And There He Kept Her (Ben Packard #1)(57)



Emmett looked at Carl and looked at the girl. His breath came in ragged, wheezing gasps. The girl had a wild, dazed look in her eyes. She fell to her knees on the cot. The old springs went ehhh-ehhh, ehhh-ehhh.

“You should’ve waited for me,” Emmett said. He had a laugh inside him he knew needed to stay there. Humiliating Carl would mean the end of the girl, right here, right now. There’d be nothing Emmett could do to stop him.

“I think she broke my fucking cheekbone, Emmett.”

“What was she supposed to do? You attacked her. You wanted to see her and you saw her. Now get up and get out.”

Carl pushed himself up and half turned in Emmett’s direction. Just as quickly, he turned again and lunged for the girl. He got her throat in one hand and her bandaged hand in his other. He was close enough that long strands of his hair fell over his eyes and brushed against her face. “You and me are gonna have a good time together,” he hissed at her.

Carl rapped the girl’s bandaged hand hard against the wall, then let her go. She collapsed on the cot like she’d been shot dead. He and Emmett stood shoulder to shoulder in the doorway, both facing opposite directions. “I’m coming back for her, Emmett. And next time I’m going to do more than look.”

A second later he had disappeared through the basement door into the night.

***

Emmett didn’t have the strength to follow Carl back up the slope so he waited and watched from the corner of the house until he saw Frankenstein’s headlights back up and heard its muffler recede as Carl drove away. Emmett limped to his rocker and stared out the open door at the moon rising over the mud lake while he lit a cigarette. Behind him he heard the girl vomiting in her bucket. He smoked and studied the dirt caked to his feet from walking outside. The bare skin on his shoulders and arms was damp against the chair’s leather back. He worked his hand beneath his undershirt and scratched in places where his fat overlapped.

Carl had a lesson coming to him. You didn’t treat another man’s property like that. It reminded Emmett of when Carl was just starting his shop and couldn’t afford the equipment he needed for certain jobs. Emmett loaned him tools a few times but stopped in short order because Carl never brought things back. Or if he did, something was wrong with them. No apology. No respect. No sense of obligation. If that sonofabitch thought he was going to ruin this girl, he’d better think again.

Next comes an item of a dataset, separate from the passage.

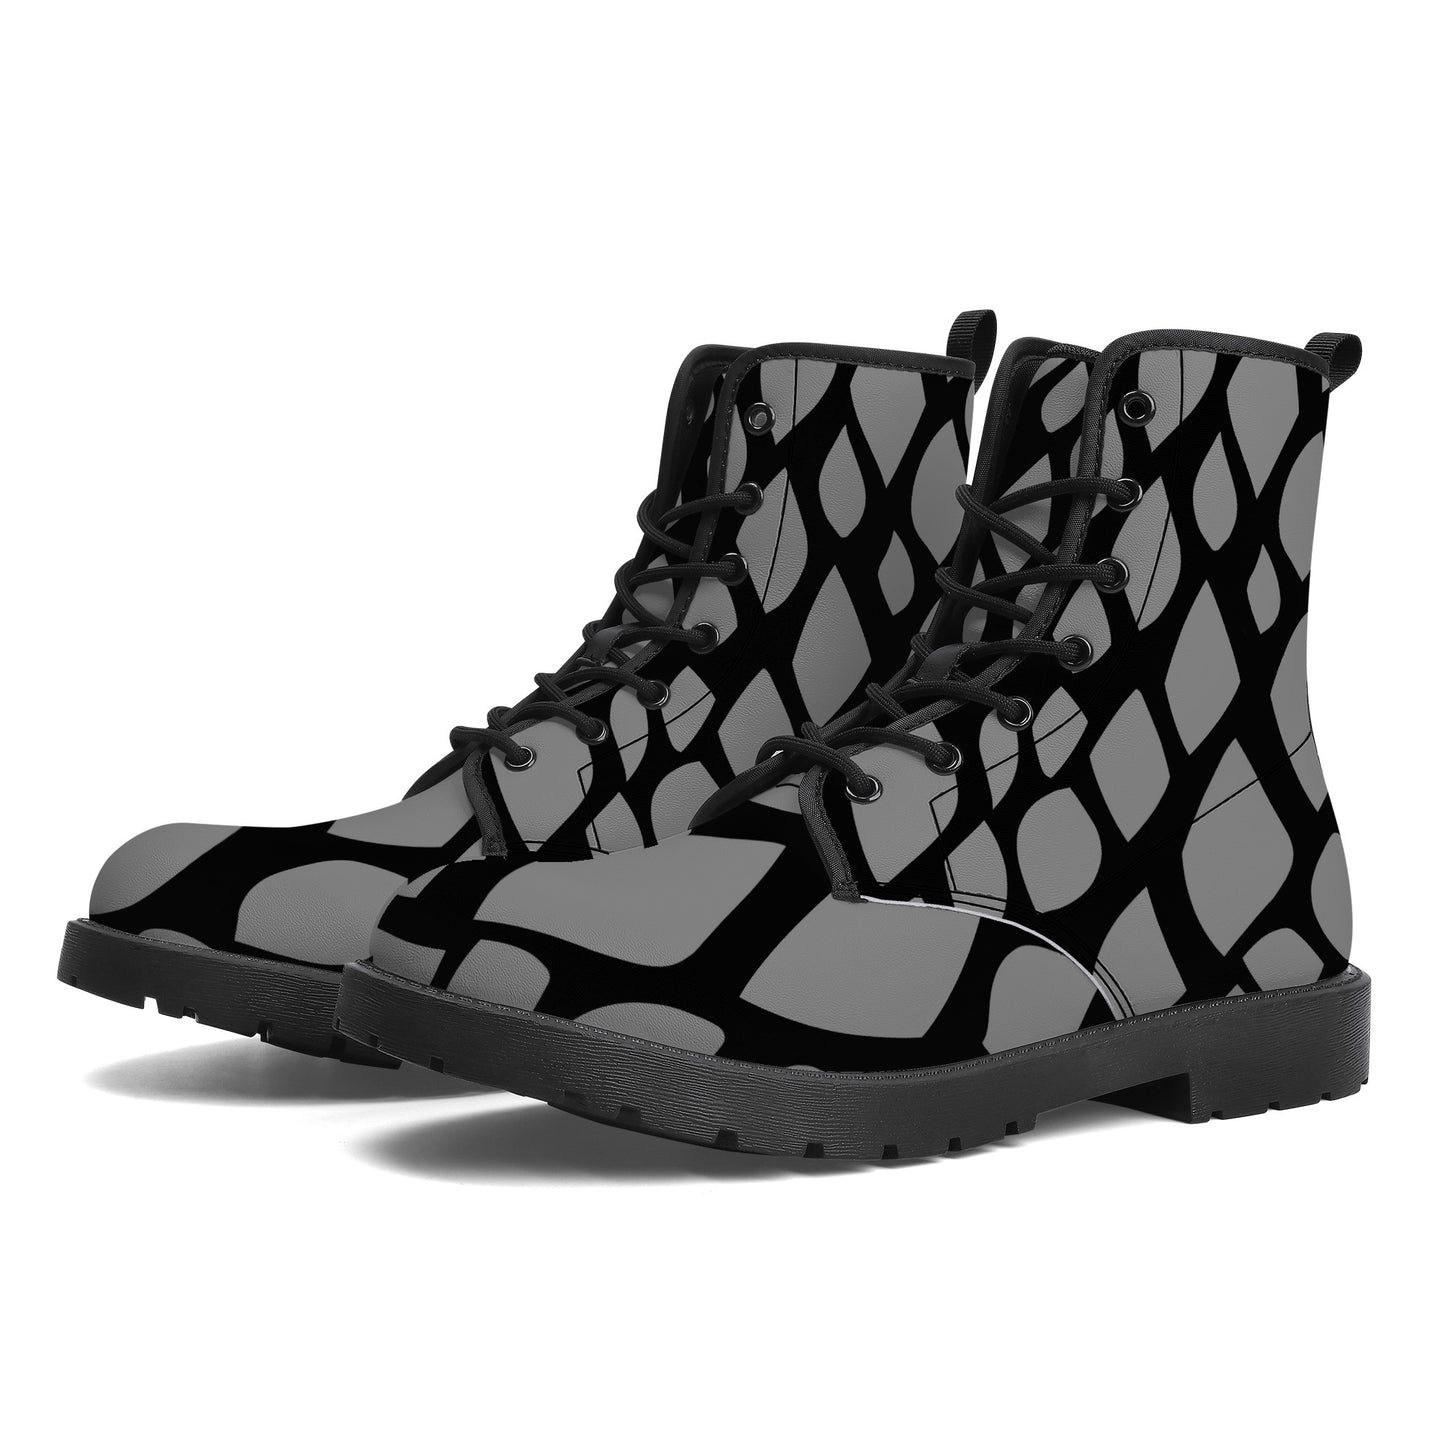 "Mono Snake" Eco-friendly Boots

Emmett stabbed out the cigarette, heaved himself up from the rocker, and opened the door to the room. The timer on the lamp had clicked it off. In what little light got by him from the basement, he saw the girl on her side, head hanging over the bucket. He saw her convulse in pain and retch again. She had nothing left in her to come up.

“How bad are you hurt?”

She didn’t respond.

“How’s your hand?”

She twisted her red face in his direction. “It’s fucking killing me!” she yelled. “What do you think? He smashed it.”

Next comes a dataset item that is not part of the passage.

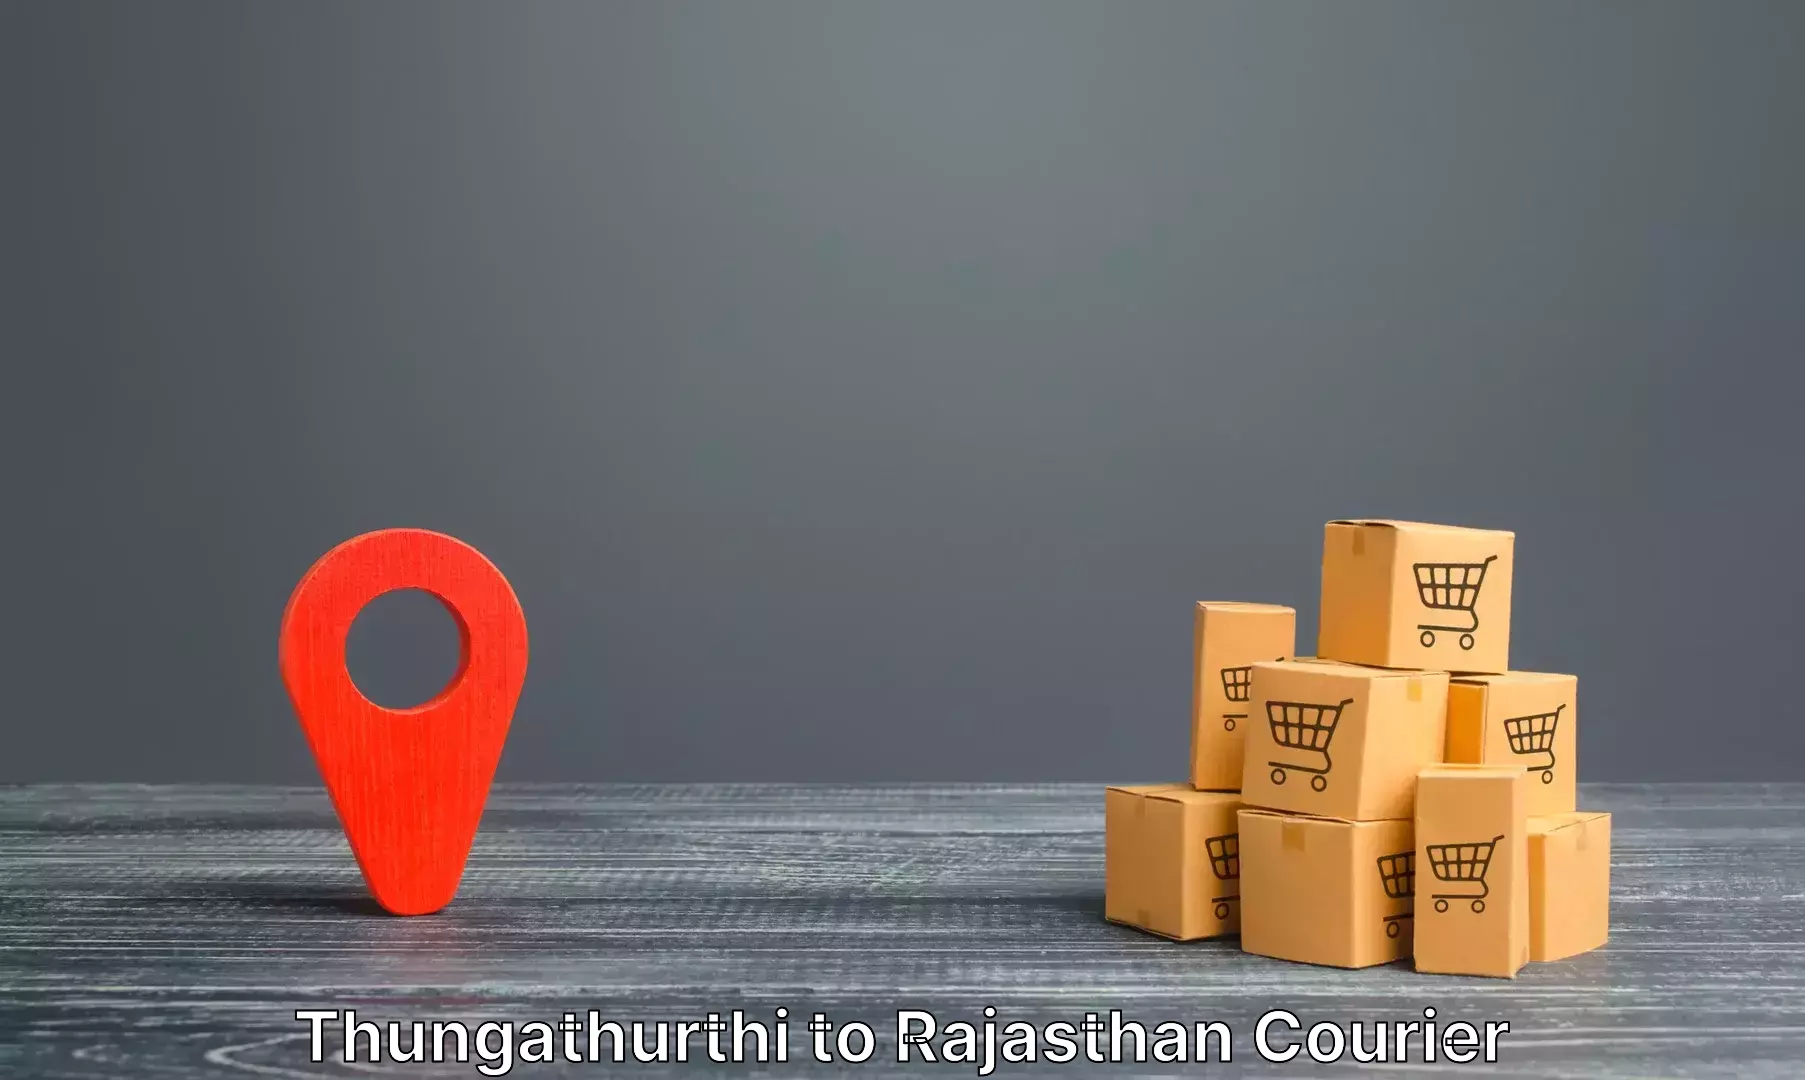 Luggage shipping planner Thungathurthi to Raila

Emmett flinched as she retched again. He tried to think of something to say to her—about Carl, about keeping him away from her, about anything—but couldn’t find the words. He had a whole pill he’d meant for himself in his pocket. He went into the room and pushed the pill into her good hand until her fist closed around it. “Take it when you’re done throwing up. I’ll check on you in the morning.”

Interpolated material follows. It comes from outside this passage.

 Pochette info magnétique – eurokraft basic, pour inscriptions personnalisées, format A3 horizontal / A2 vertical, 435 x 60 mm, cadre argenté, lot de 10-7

As he locked her in, he knew he wasn’t going to let her die by running out of insulin. For selfish reasons, he needed her alive and well enough for Carl to think he had something waiting for him once the car was gone. If Carl insisted on looking in on her again before loading up the Grand Am, the whole deal would be off if she was dead or dying. And yes, maybe he was growing attached to her. She was a lot of work. She was also someone to talk to. It had been an eternity since he’d had anything close to that.

“I’ll get your insulin tomorrow,” he said through the door. He waited for a response.

Nothing.

“And I’ll look for David Copperhead at the library,” he added.

As he went up the basement stairs, the pain in his back knifed him with each step. He had to stop halfway and catch his breath while he held the rail. In the kitchen, he took two pills and rinsed them down with a glug of beer. He belched and looked out the kitchen window at the moon and its reflection on the still lake. He thought about everything he needed to get the girl tomorrow. Insulin and better food to eat. That didn’t bother him. If there were two places in town Emmett knew front to back, they were the grocery store and the pharmacy.

The library, though.

What the hell do I know about getting a book at the library?





Chapter Nineteen


Sunday morning

Packard called the station to find out about the calls that had come in after the first news reports went out. They were pretty much exactly what he expected. People who saw a maroon Grand Am or what they thought was a Grand Am. Might have been a Taurus now that I think about it. Didn’t see a license plate. Didn’t see who was driving. I have a neighbor who has a red Grand Am and I don’t trust the guy. You should check him out.

Nothing concrete. No positive ID or even a pretty good ID of the two kids. He assigned a deputy to make follow-up calls but he didn’t expect anything to come of it.

He found the piece of paper from yesterday with Dan Gherlick’s phone number on it and called.